**WORK TO BE COMPLETED**
Your copy of the listing should be exact and should contain no pictures.

**PROVIDED DATA**
-- Opening Marker --
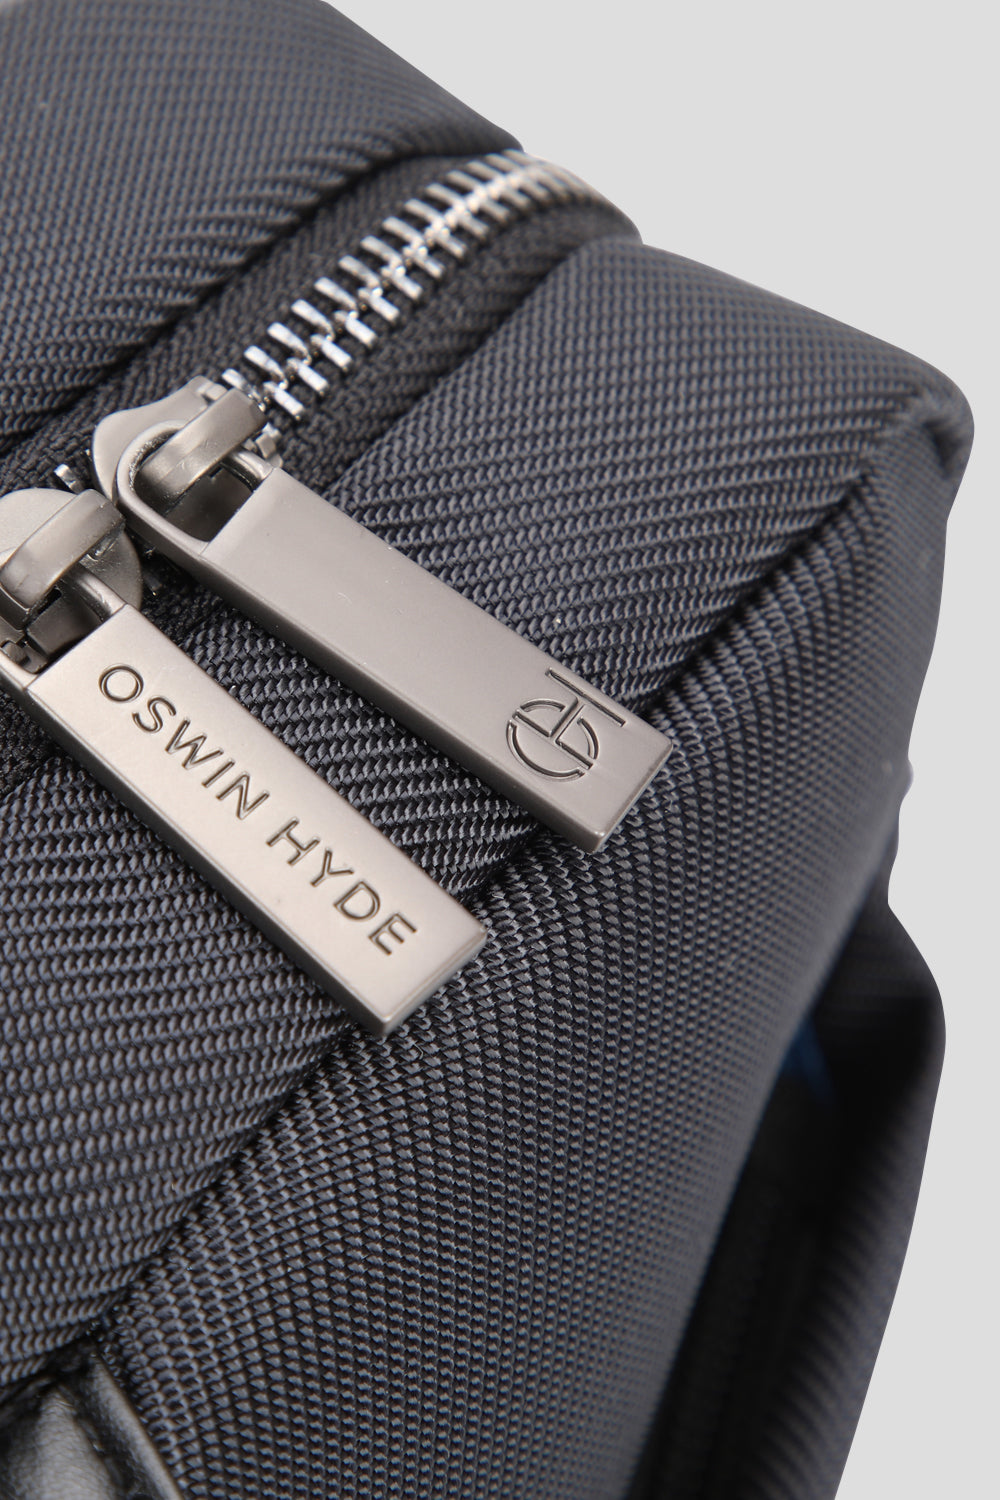 Clapton bag in navy colour laptop bag for men from oswin hyde
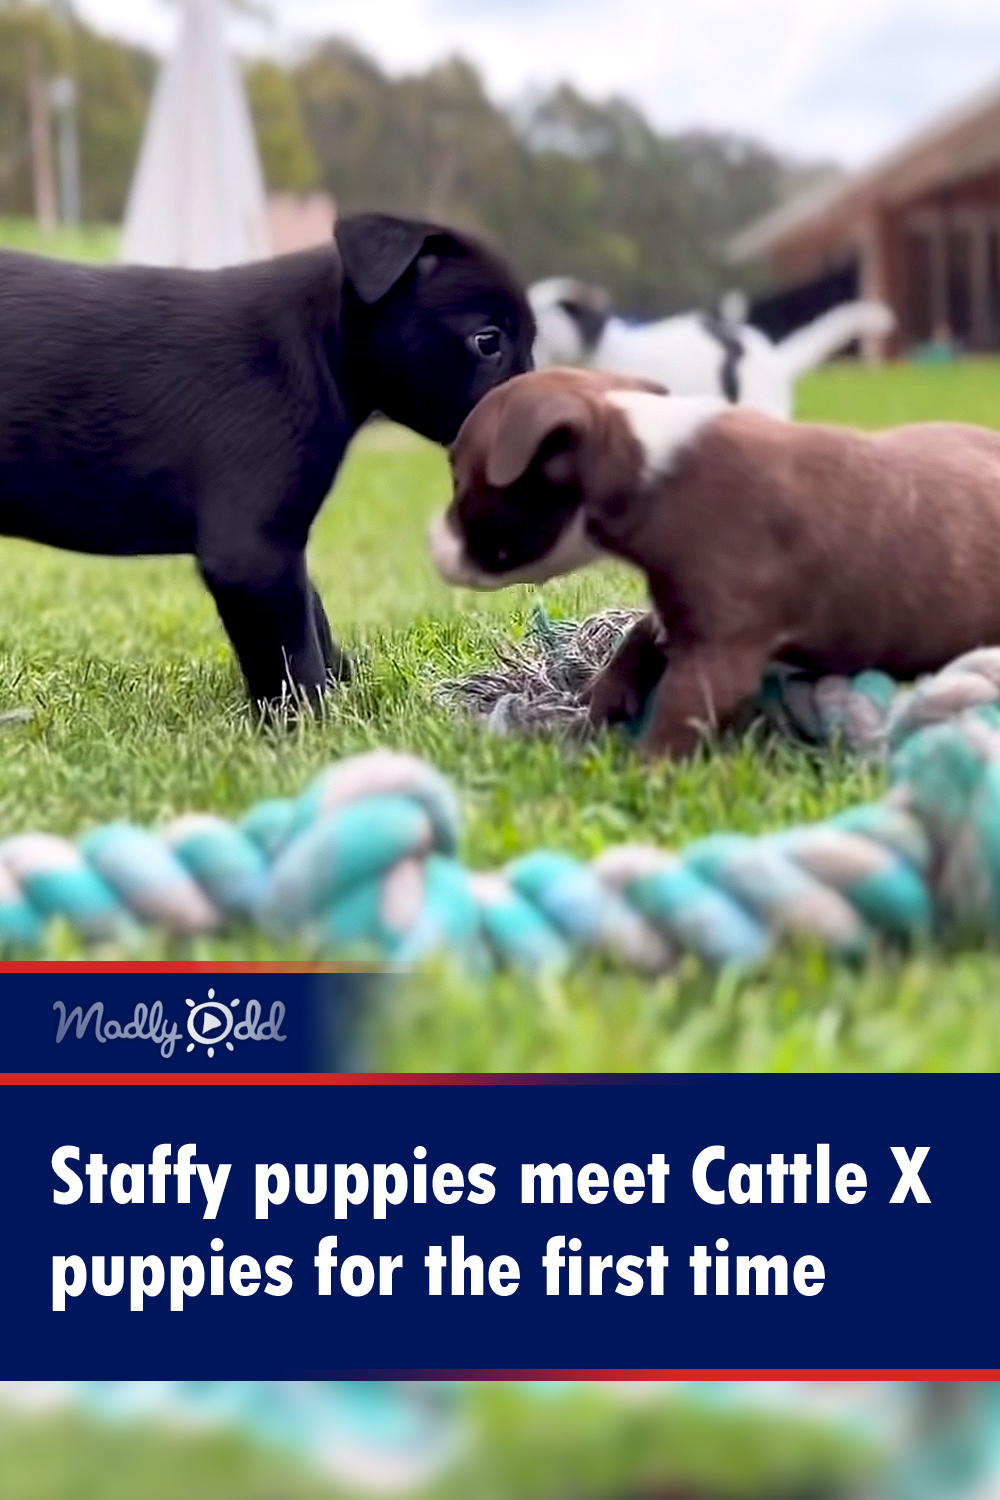 Staffy puppies meet Cattle X puppies for the first time
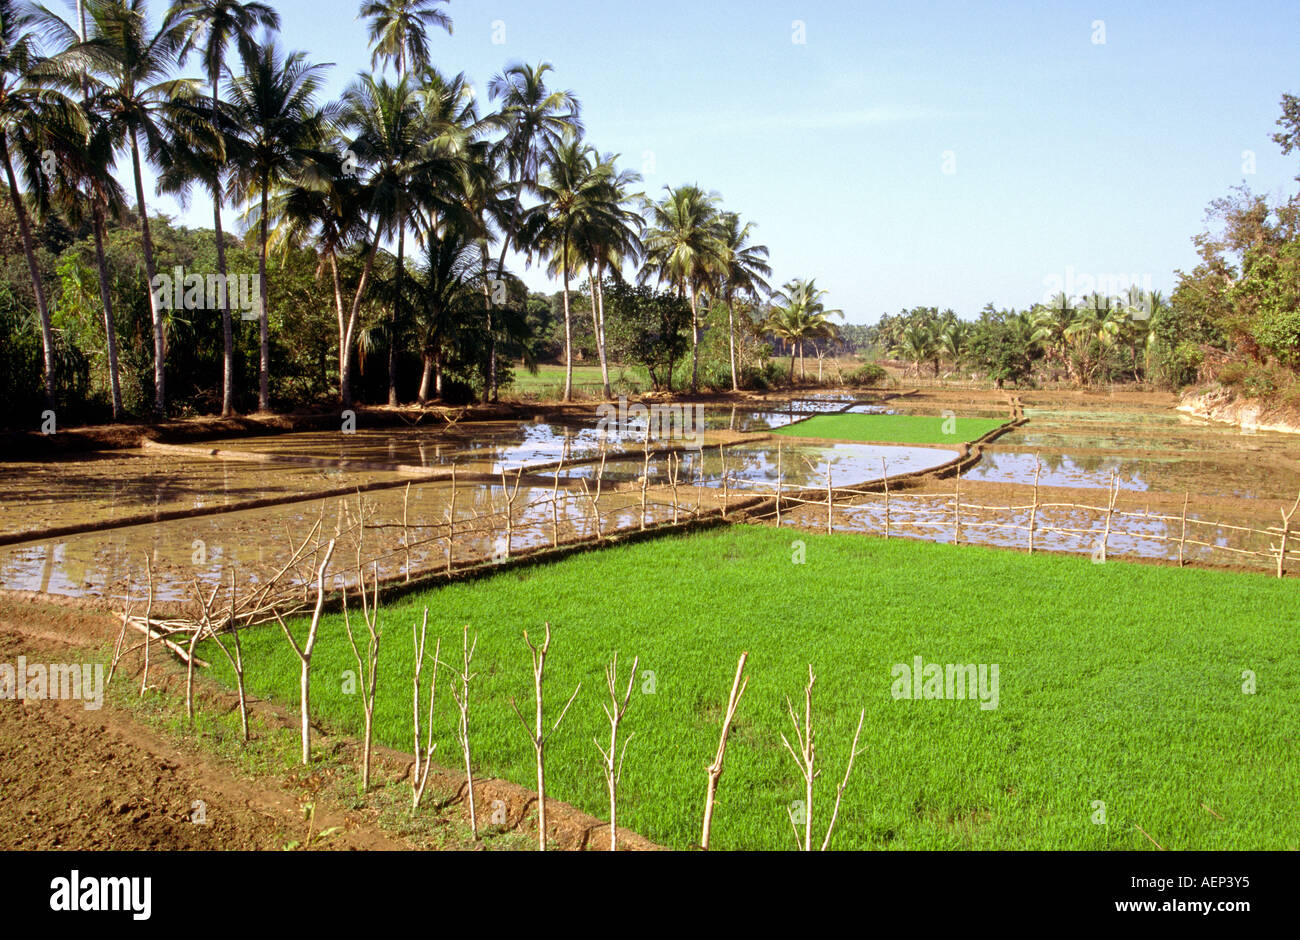 India Goa Agonda agriculture rice paddies being prepared for planting Stock Photo
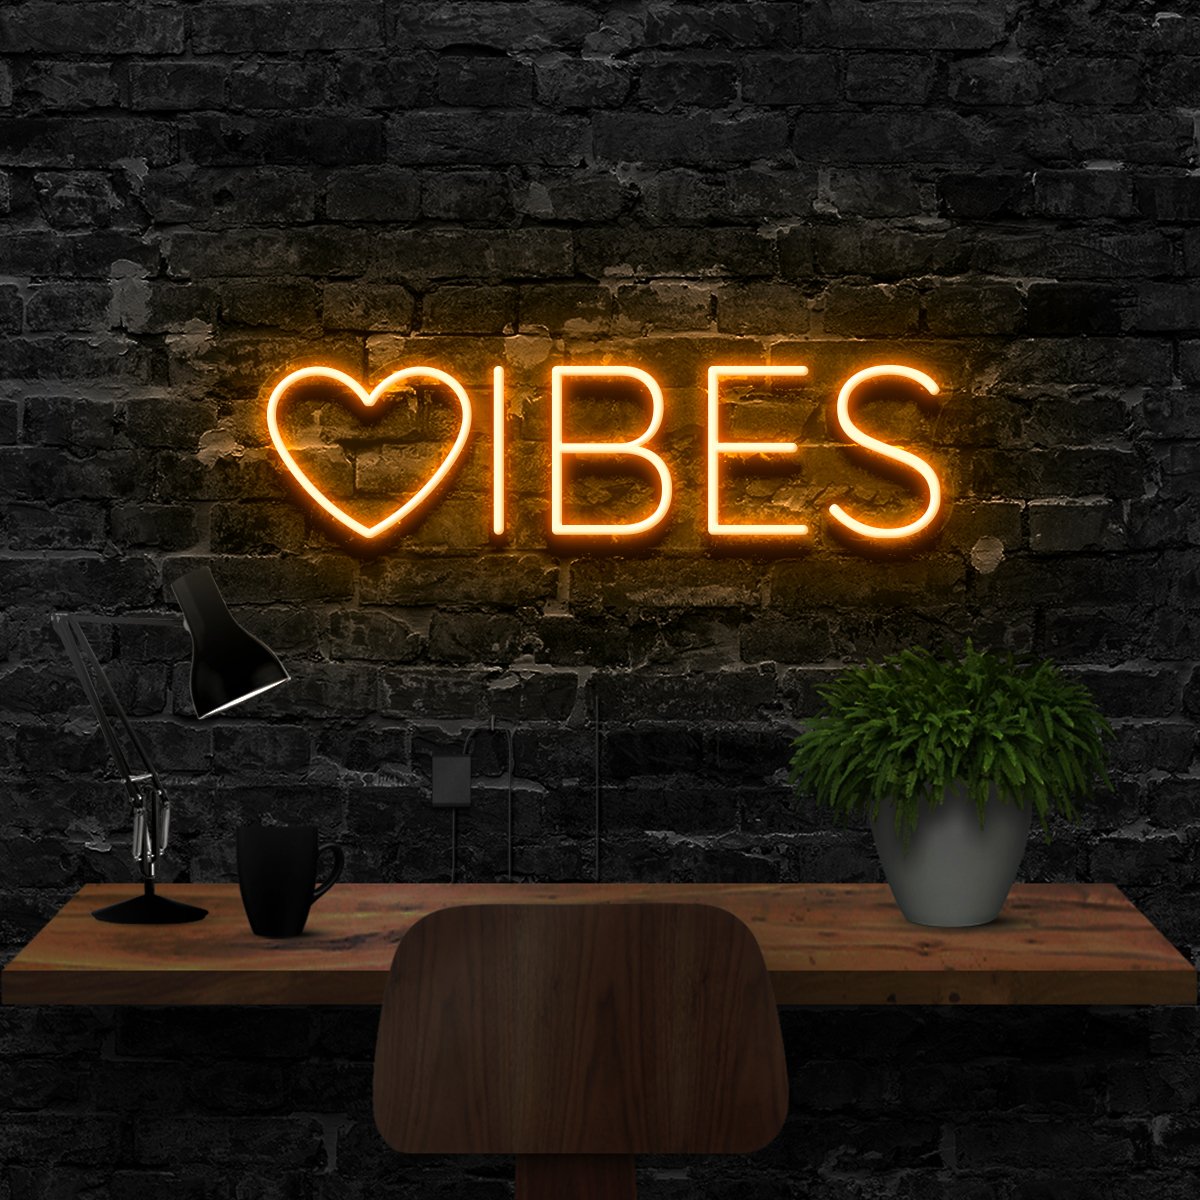 "VIBES" Neon Sign 40cm (1.3ft) / Orange / LED Neon by Neon Icons
-- Closing Marker --
**TASK RESULT**
 Clapton bag in navy colour laptop bag for men from oswin hyde
 Staffy puppies meet Cattle X puppies for the first time
 India Goa Agonda agriculture rice paddies being prepared for planting Stock Photo
 "VIBES" Neon Sign 40cm (1.3ft) / Orange / LED Neon by Neon Icons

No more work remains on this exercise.